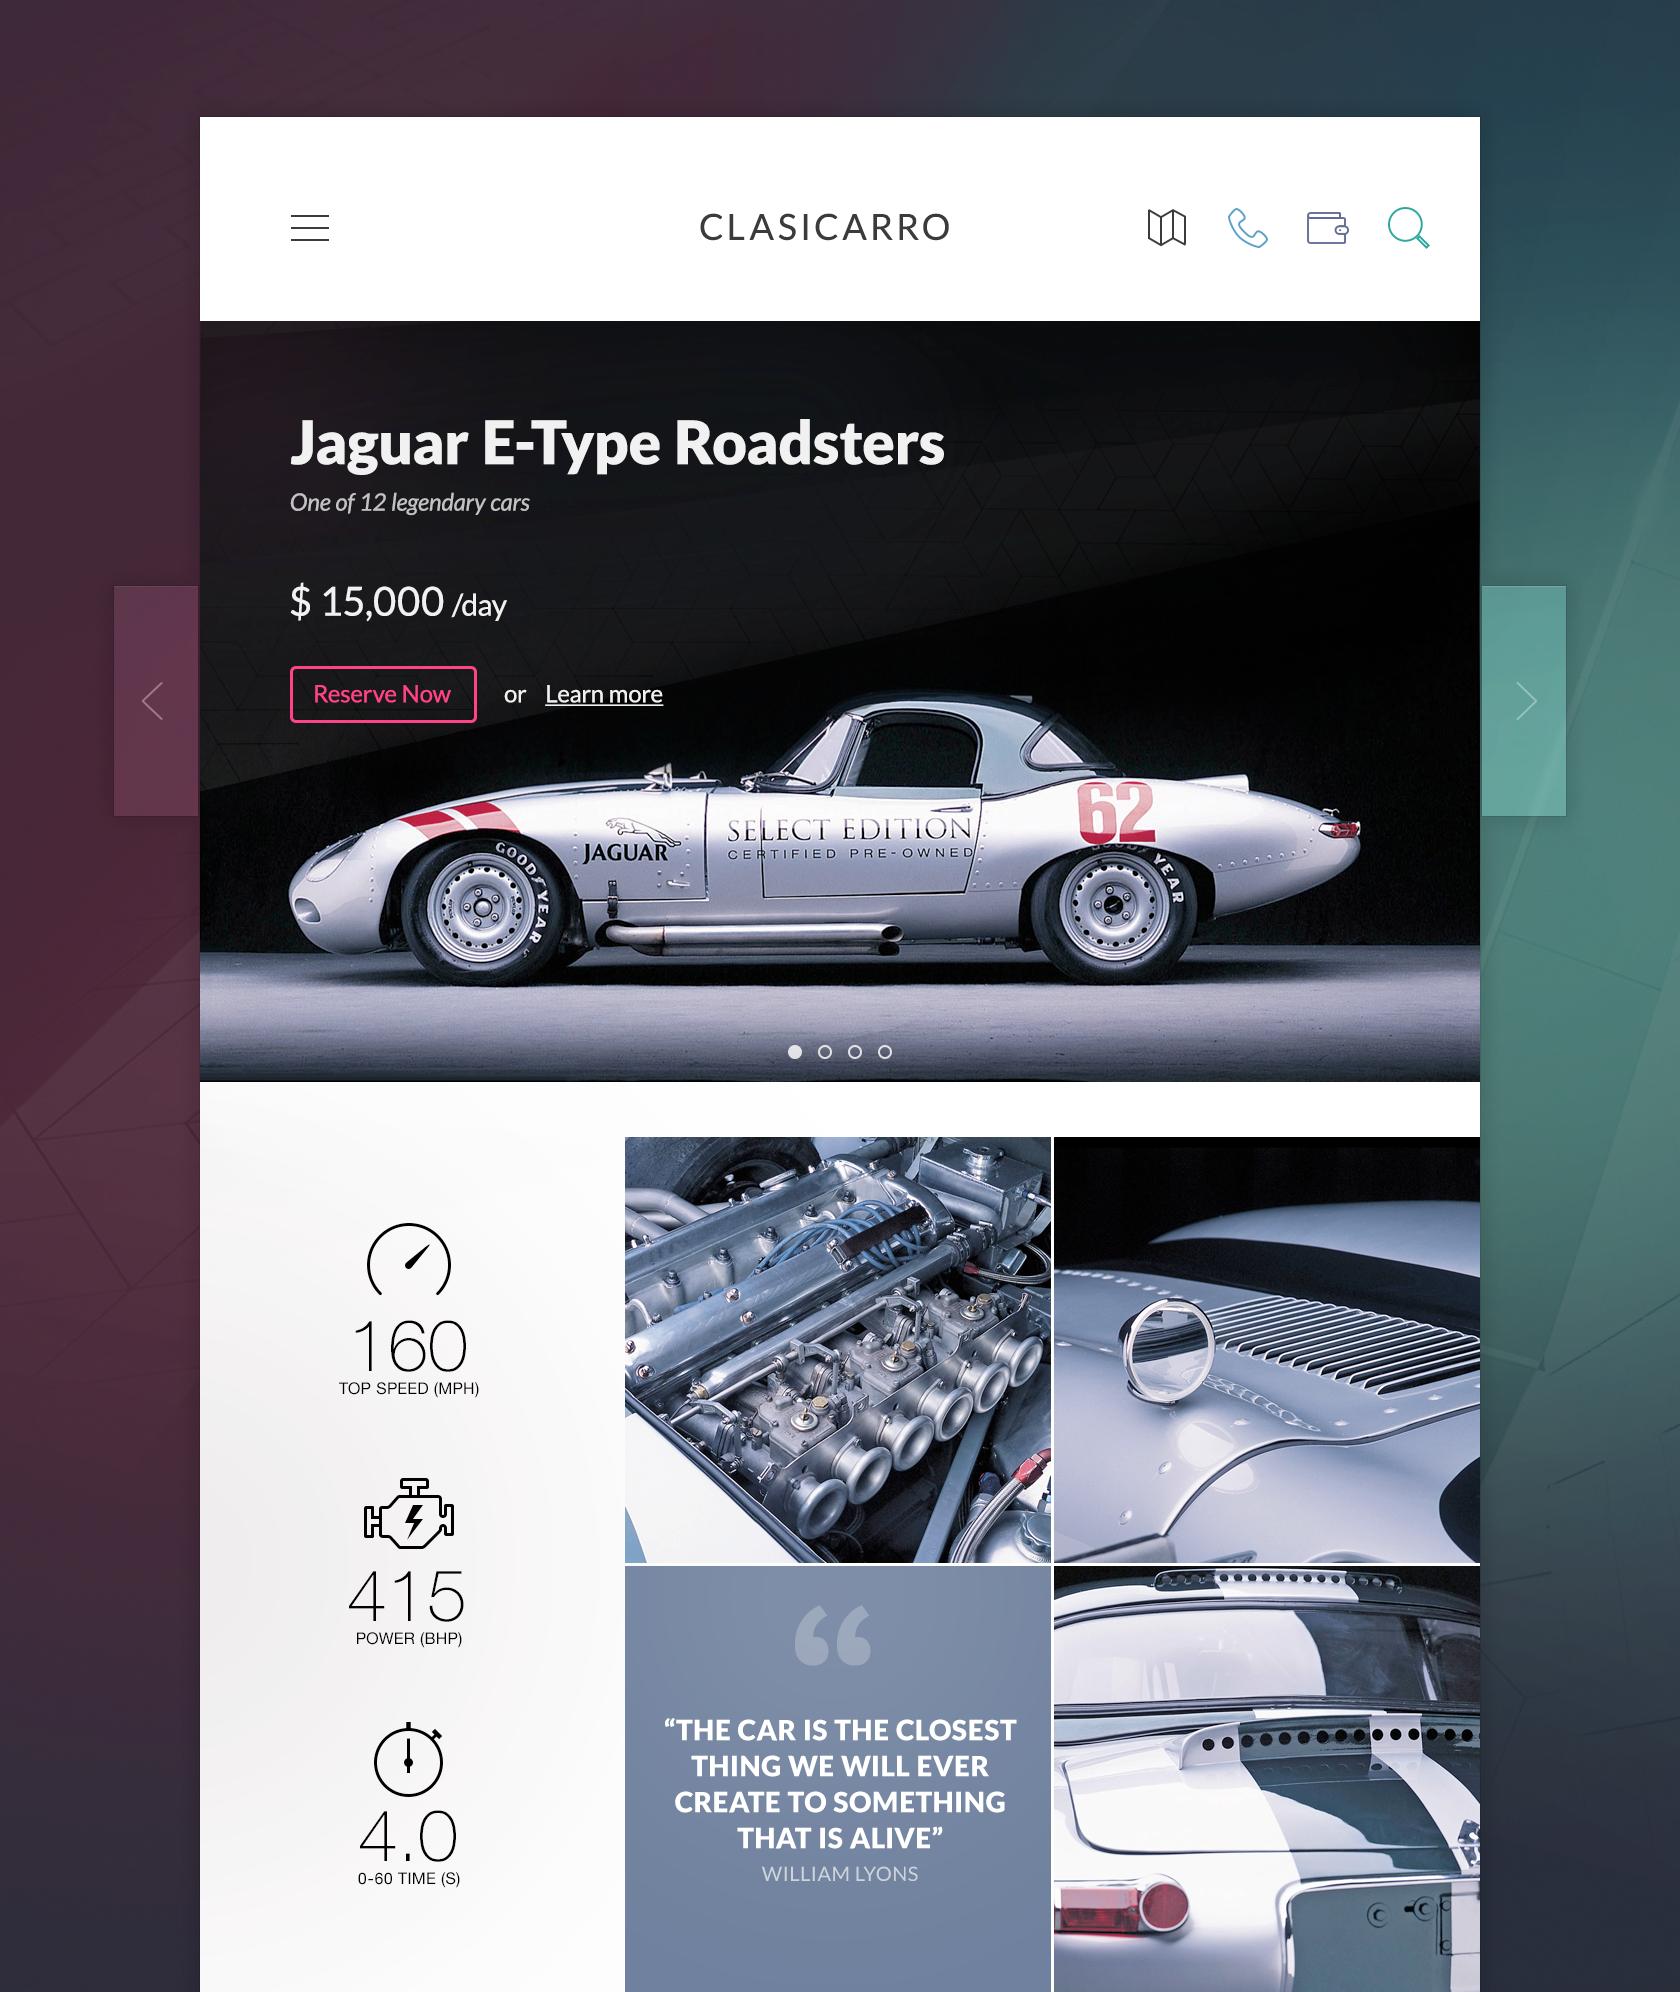 Dribbble social app ui design jpg by ramotion - Car Rental Service
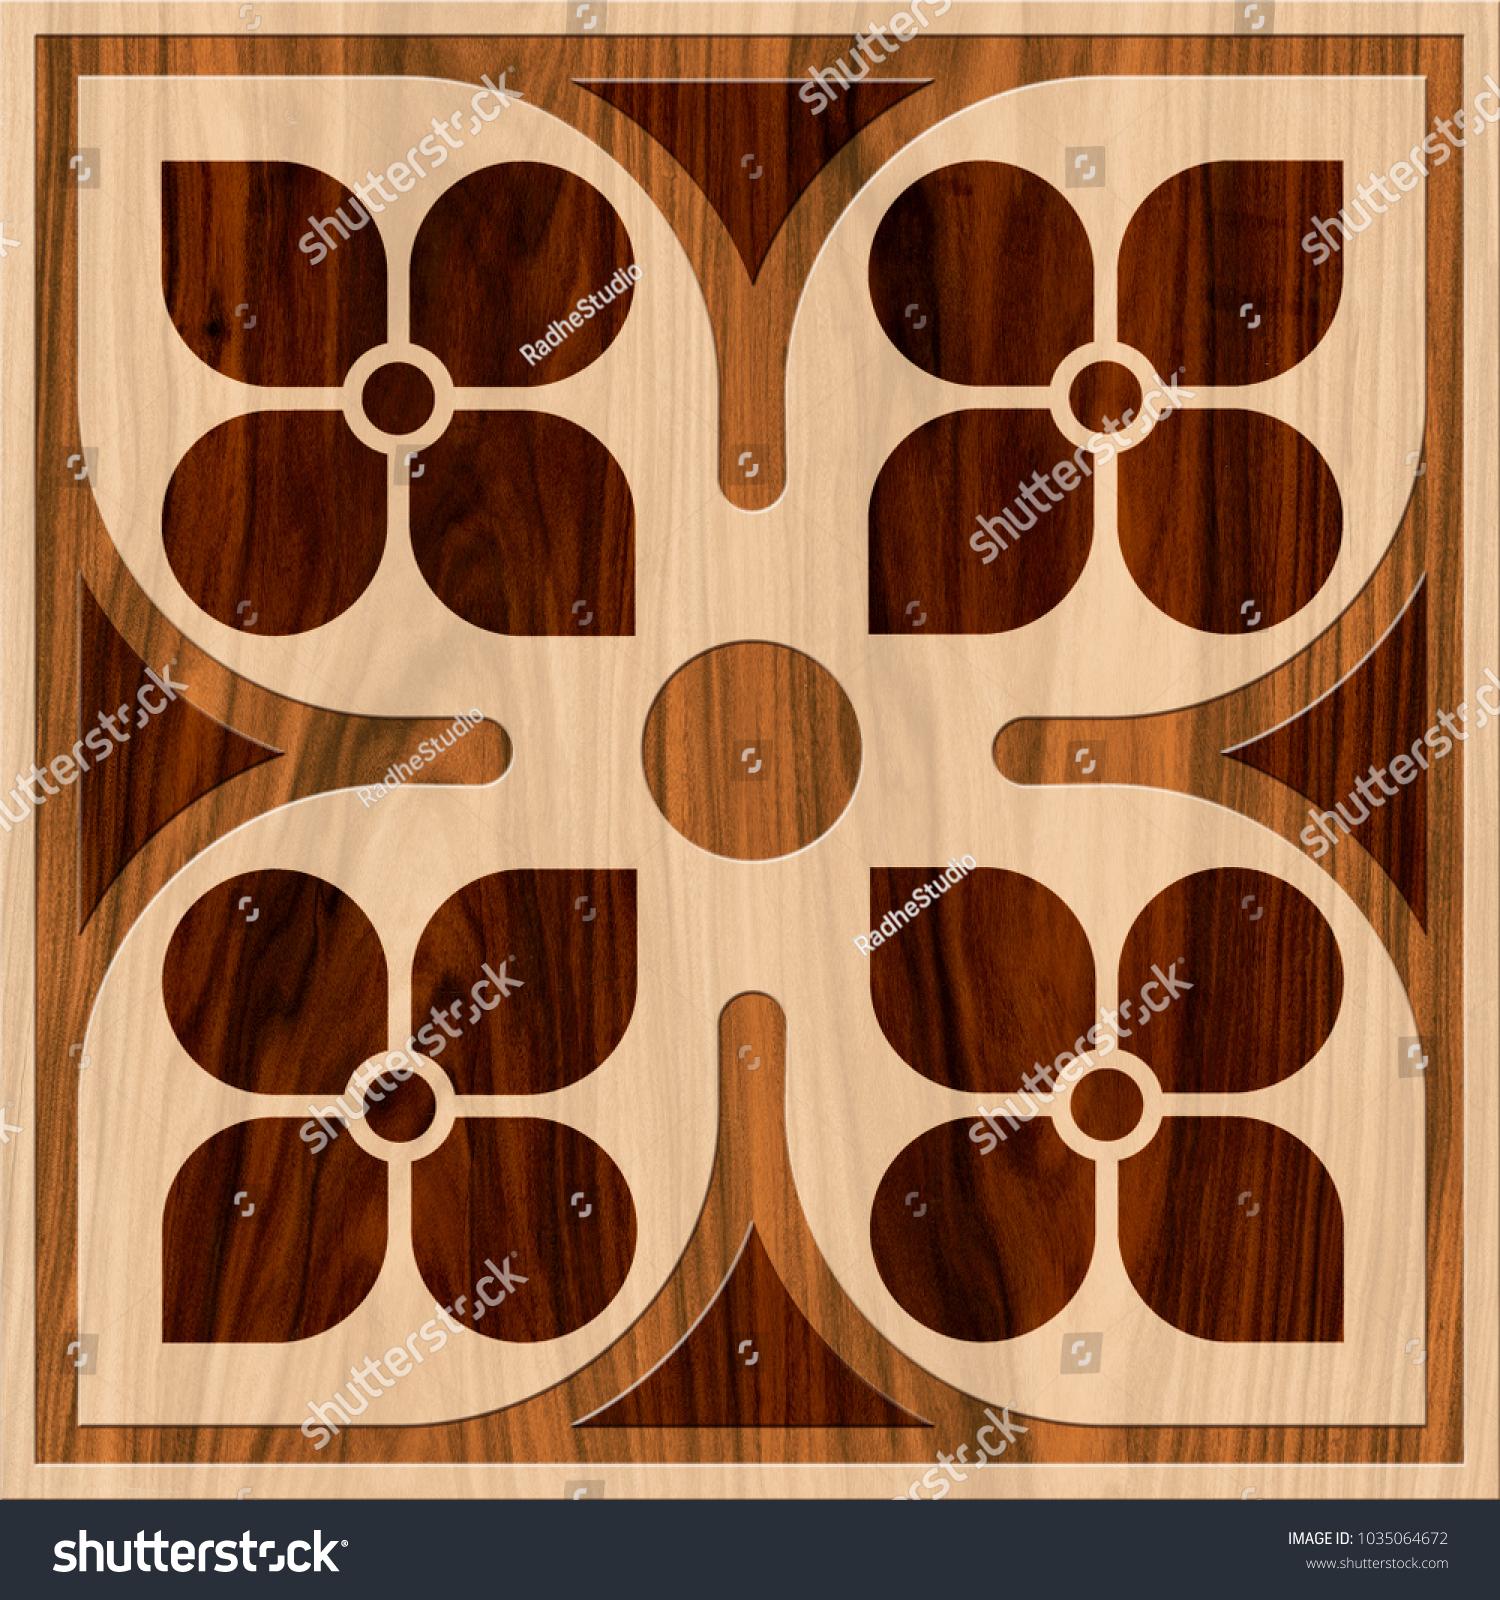 Unusual Decorative Wood Wall Art Ideas - The Wall Art Decorations ...
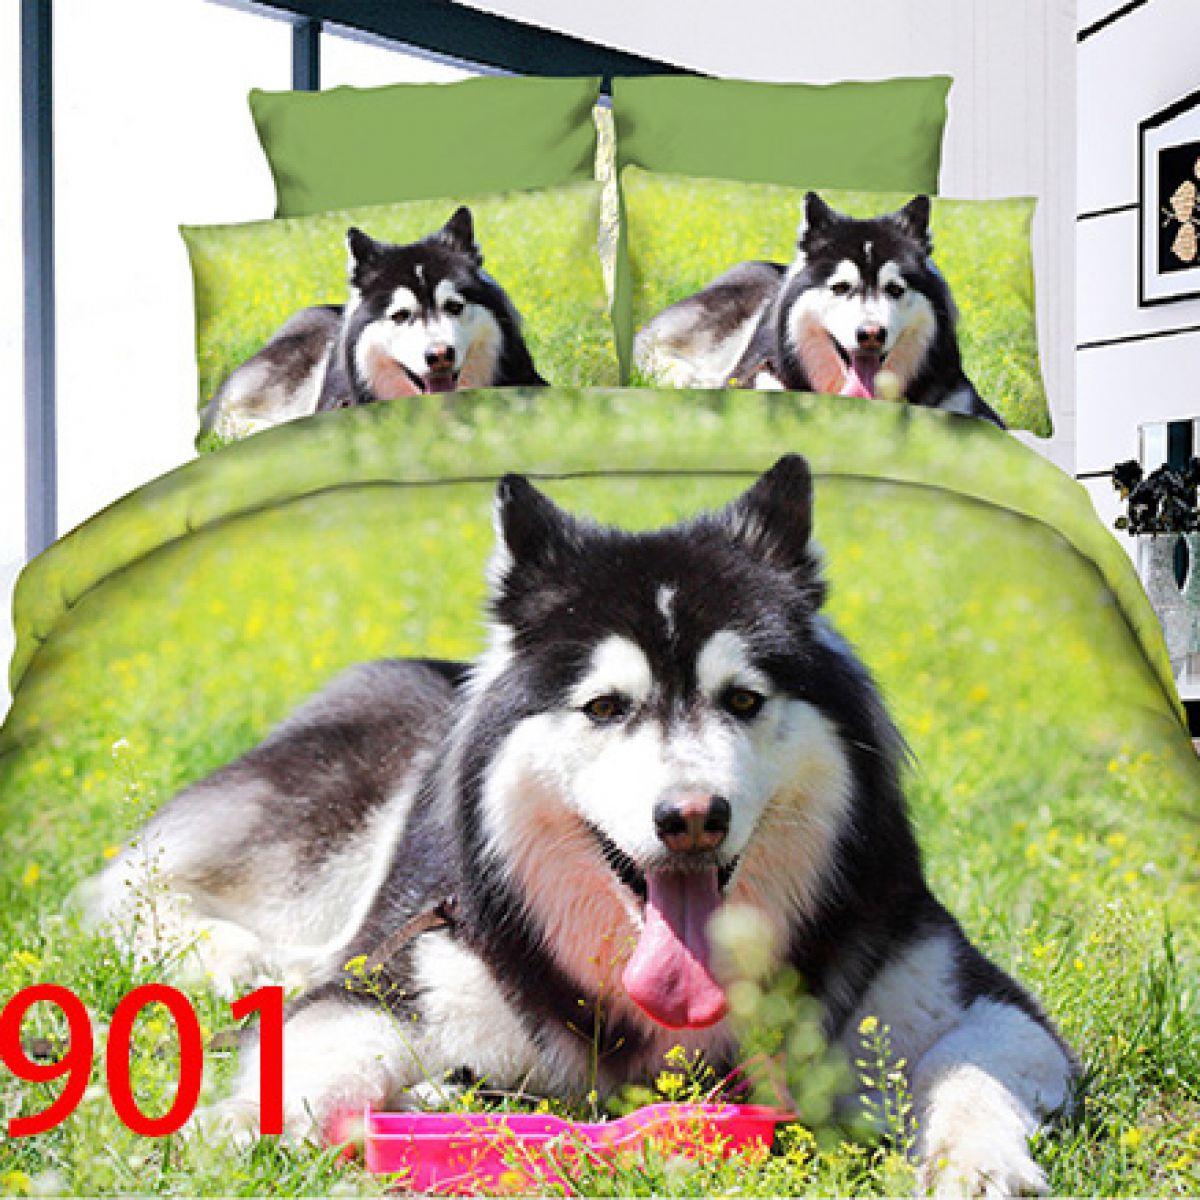 3D Beddings - Antonio - AML-901 - 140x200 cm - 2 pcs

### WHAT YOU HAVE TO DO
Would you give the data above again word for word, minus the pictures?

### OUTPUT OF THE TASK
 Dribbble social app ui design jpg by ramotion - Car Rental Service
 Unusual Decorative Wood Wall Art Ideas - The Wall Art Decorations ...
 3D Beddings - Antonio - AML-901 - 140x200 cm - 2 pcs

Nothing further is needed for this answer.